Once again, I’m reminded (thanks, Anne) that the best way to deal with having no idea what to write is just to write anyway. I’m ashamed, really, at how long it’s taken me to update this durn thing, but I won’t go on about that, because it’s boring. I go through phases of thinking I’m going to be a world-famous blogger like Stephanie Klein, or just a locally famous blogger like Anne (again). Or, even, like my alter ego. But then I lose motivation and faith in my own ability to be interesting and/or funny.
I am interesting, though, and funny, which I know you probably shouldn’t say about yourself, but really, why shouldn’t you? Especially when other people don’t say it nearly enough. Besides, I know I am funny because last night I made my husband laugh until he couldn’t breathe, and he is the funniest man I know, so that has to say something about how funny I am.
Before I got married, my Smug Married Friends (of which I am now a part), told me how lovely it was to get in bed with their husbands at night and talk about their days.

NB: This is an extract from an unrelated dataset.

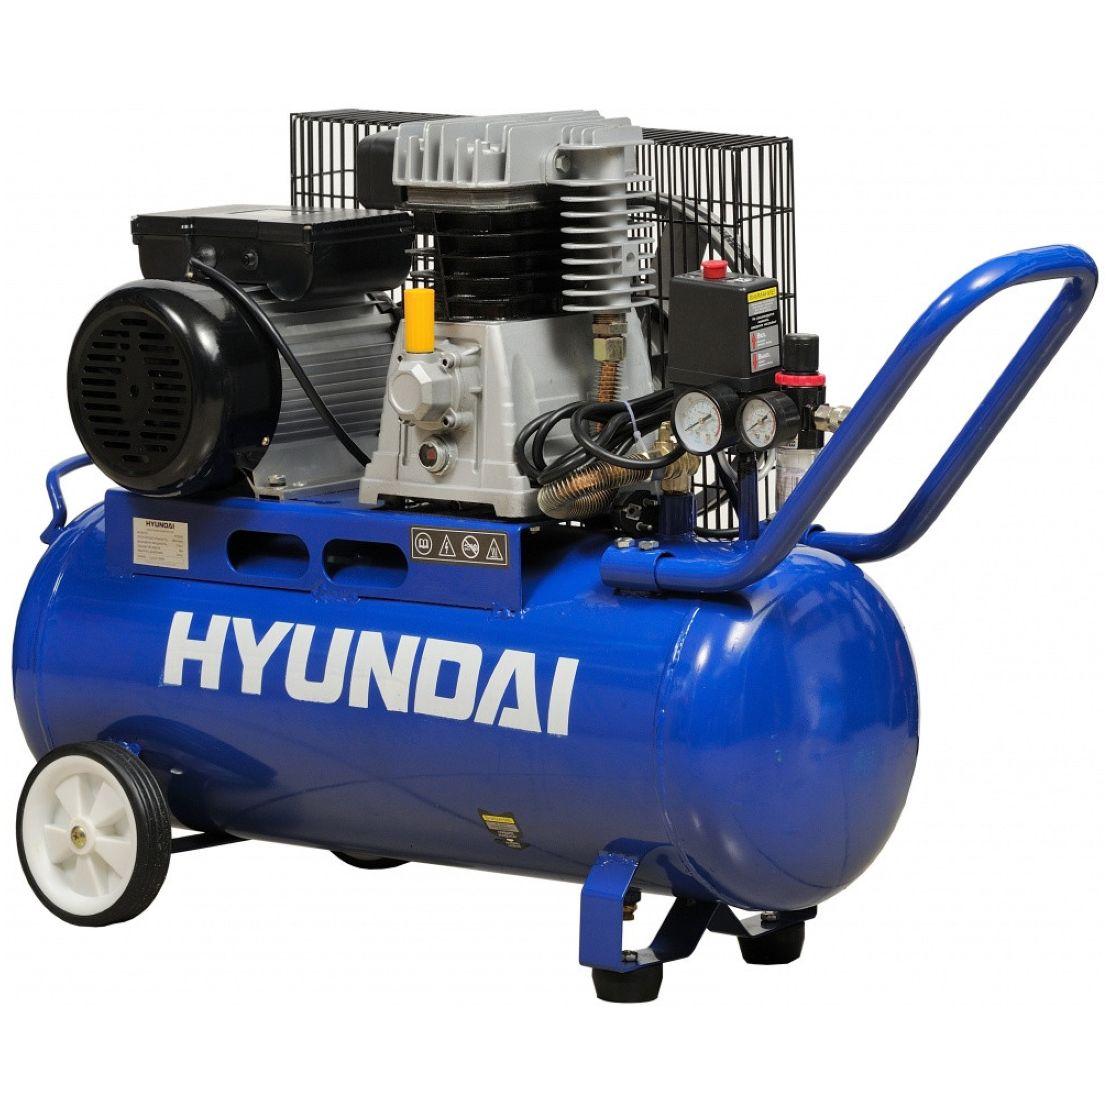 компрессор hyundai hy 2050 инструкция

Well, that lasted about a week, but then I started falling asleep while Simon took a shower, and I’d wake up later with my book on the floor and him snoring beside me.

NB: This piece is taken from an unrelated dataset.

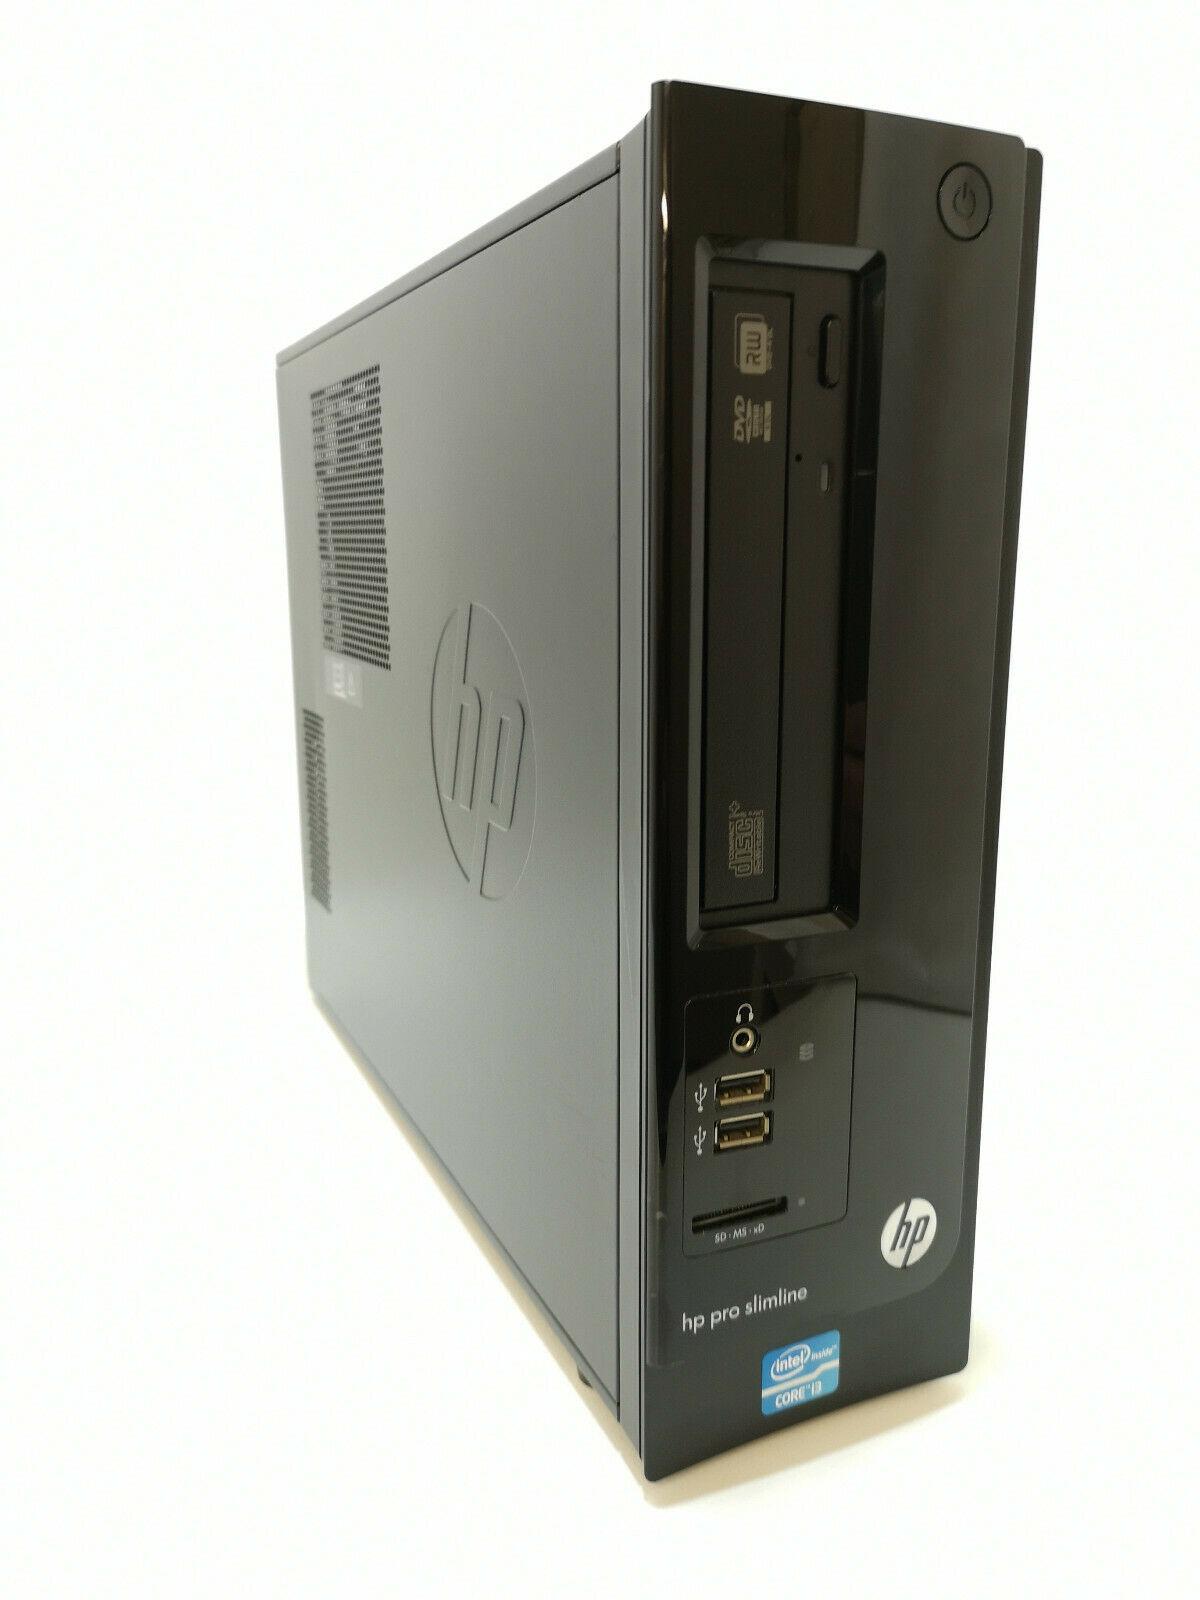 HP-Pro-Slimline-3300-SFF

Last night, however, I had a taste of what the SMFs had bragged about, as we stole an hour in our bed to chat after two weeks of non-stop partying and people. Our house guests, J and J, visiting from England, slept in our guest room across the hall, and we talked about Christmas with my family, and New Year’s Eve plans, and having house guests non-stop for two months. We made plans for the next three weekends, talked about what makes a good friend, and what kind of church we want to find. We talked about our friends and family, and which ones we really like and which ones we just pretend to like ‘cause we have to.
I overslept this morning, because of our late-night talking, and came rolling into work at 9:20, but it was totally worth it. Making my husband laugh so hard he has to sit up in bed to catch his breath makes up for disapproving looks from my boss any day.